A few months later, Rocky and Sunny were adopted by a woman who had previously owned a leukemic cat. They were able to "get out of jail" and out of their crates and live normally in a room in a house. When they were with her, they made rapid progress and soon ceased to show any feral attributes. They loved their new lives and the attention they got from people. This continued for about five months before the woman got a job in another state and brought Rocky and Sunny back to me. This time they went back to my porch where they were not in crates anymore and free to enjoy the sun, air, birds, and each other. When the hurricane season started, they were put inside in a separate room away from the other FOG cats. After the 2004 hurricane season, FOG took in several more cats. As fate would have it, several more cats tested positive for the FeLV virus. So, Rocky and Sunny began to have companions out on that porch. We killed none of them, where most of the other animal organizations in Tallahassee (even that big one that lies about being a "no kill") would have immediately euthanized them.

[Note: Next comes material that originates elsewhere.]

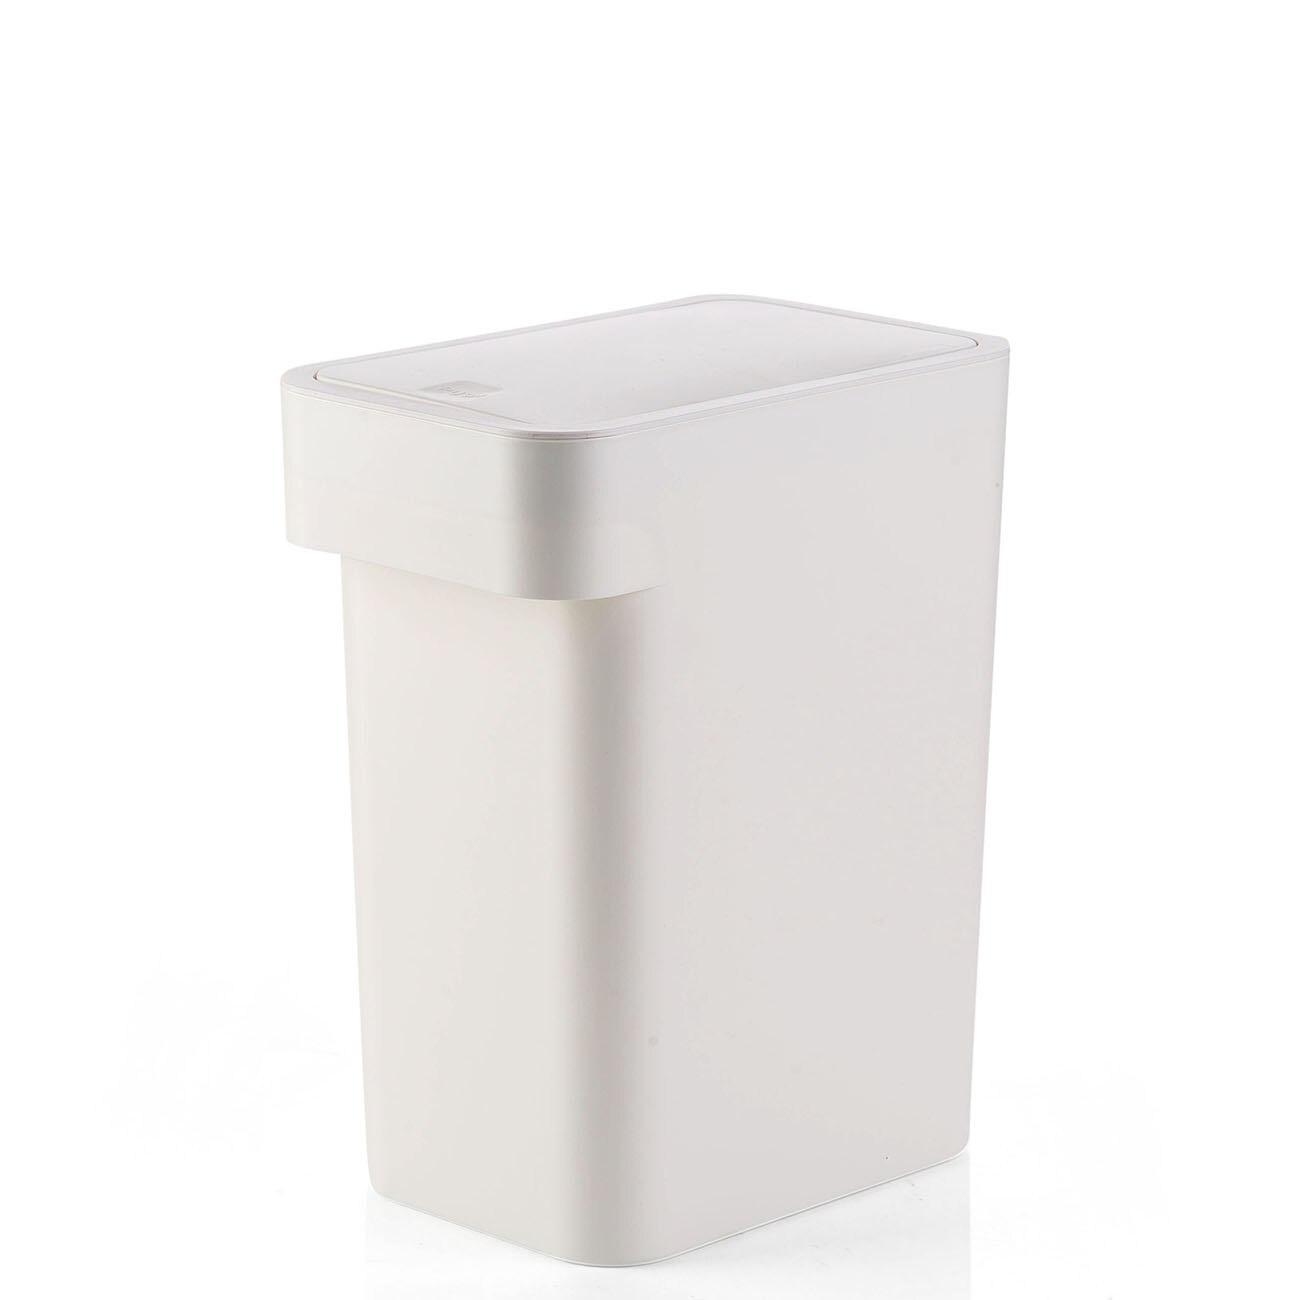 se Puede Abrir a pie TRASH CAN Bote de Basura con Tapa Color : Beige, Tama/ño : 8L

While all of this took an enormous amount of work and money for their vet expenses, every one of them has been a real blessing in his or her own way. Some of them have since died (watch for other CAT MEMORIALS). A cat with the FeLV virus is an uncertain proposition. How long a lifespan the cat will have often cannot even be predicted, but then nothing in life is certain or guaranteed, even for humans. Caring for animals in modern day America is seldom about the altruism in helping an animal have the life God gave it, even though there is untold joy and love in helping these creatures our society has turned its back on.

So, after returning to my home, Rocky and Sunny became so tame and so bonded with me that they were toted around the porch and back to their room inside the house just like one would carry a baby. They had made a full transition from feral to human love in their advanced adulthood, something that most in the veterinary profession have told the public is impossible for the last half century. I am now in my 34th year of taming feral cats; I have tamed dozens of them, very many in their adulthood. But Rocky and Sunny were special because they taught me to conquer my fear of cat diseases and clarified the meaning of our being a "no kill" organization. Jesus walked with lepers; most people cannot even walk with a leukemic cat. As a 30-year college educator, what I strive for in my classes is to teach my students to "think outside the box." Rocky was no ordinary cat and he taught me and members of Friends of Gypsy to do just that.